Cerner has struck a settlement agreement with one of its customers which will force the giant IT vendor to take significant charge against its fourth-quarter earnings.
The client, Trinity Medical Center of Minot, N.D., claimed last year that the patient accounting software sold by Cerner in 2008 was defective and didn’t deliver on the promised business benefits.
In the suit, the medical center asked for $240 million in damages, while Cerner only estimated damages of $4 million. To settle the matter, the two parties agreed to go into arbitration, according to a report in the Wall Street Journal.

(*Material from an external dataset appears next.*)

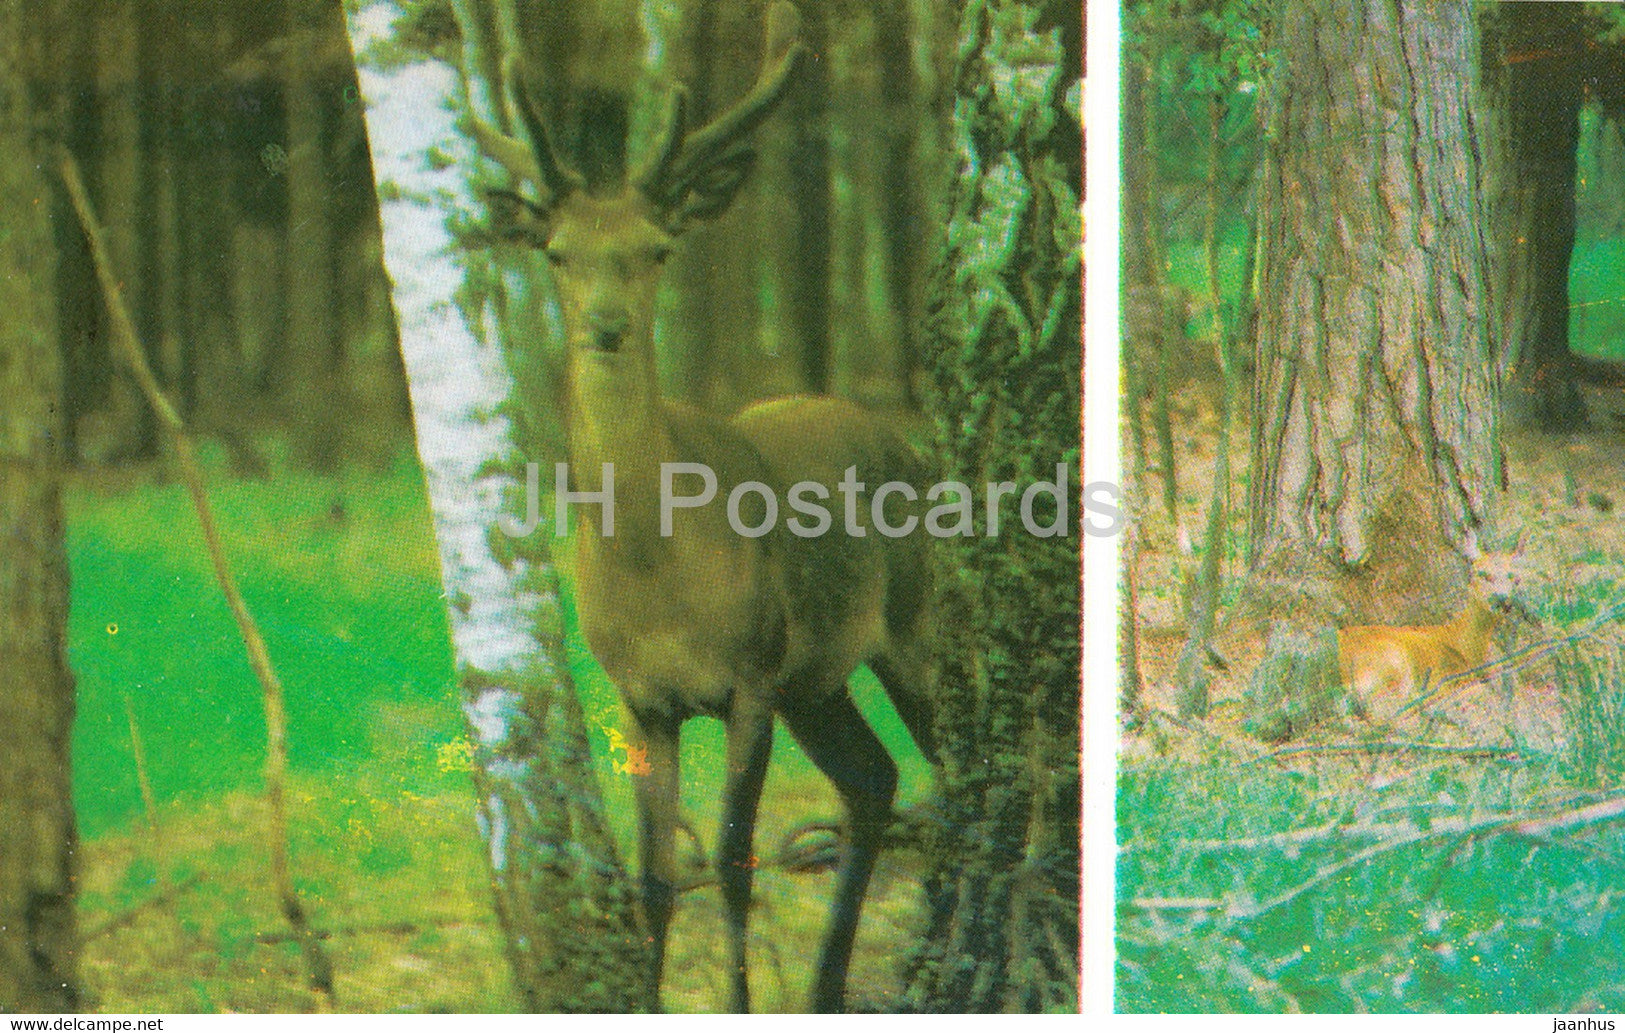 Belovezhskaya Pushcha National Park - The Roe - The deer is a typical Puscha dweller - 1981 - Berarus USSR - unused - JH Postcards

While the amount of the settlement was not disclosed in court filings, Cerner clearly got its clock cleaned. The vendor issued a statement saying that it “strongly disagreed” with the amount the hospital was awarded.
As a result of the arbitration settlement, Cerner will take a charge of $0.18 to $0.19 per share for the quarter ending Dec. 23, 2013. Clearly, Cerner came out on the wrong side of the deal, and then some. And it’s not used to losing. The vendor’s statement also noted that this settlement was “the only material judgment against Cerner in its 34-year history.”
While both Cerner and Wall Street will get over this matter, it’s still something of a landmark in the IT vendor business. Most of the time, IT vendor contracts have customers so tied up in knots that they can’t even speak about their experiences with the product, much less take the vendor to court for for poor product performance.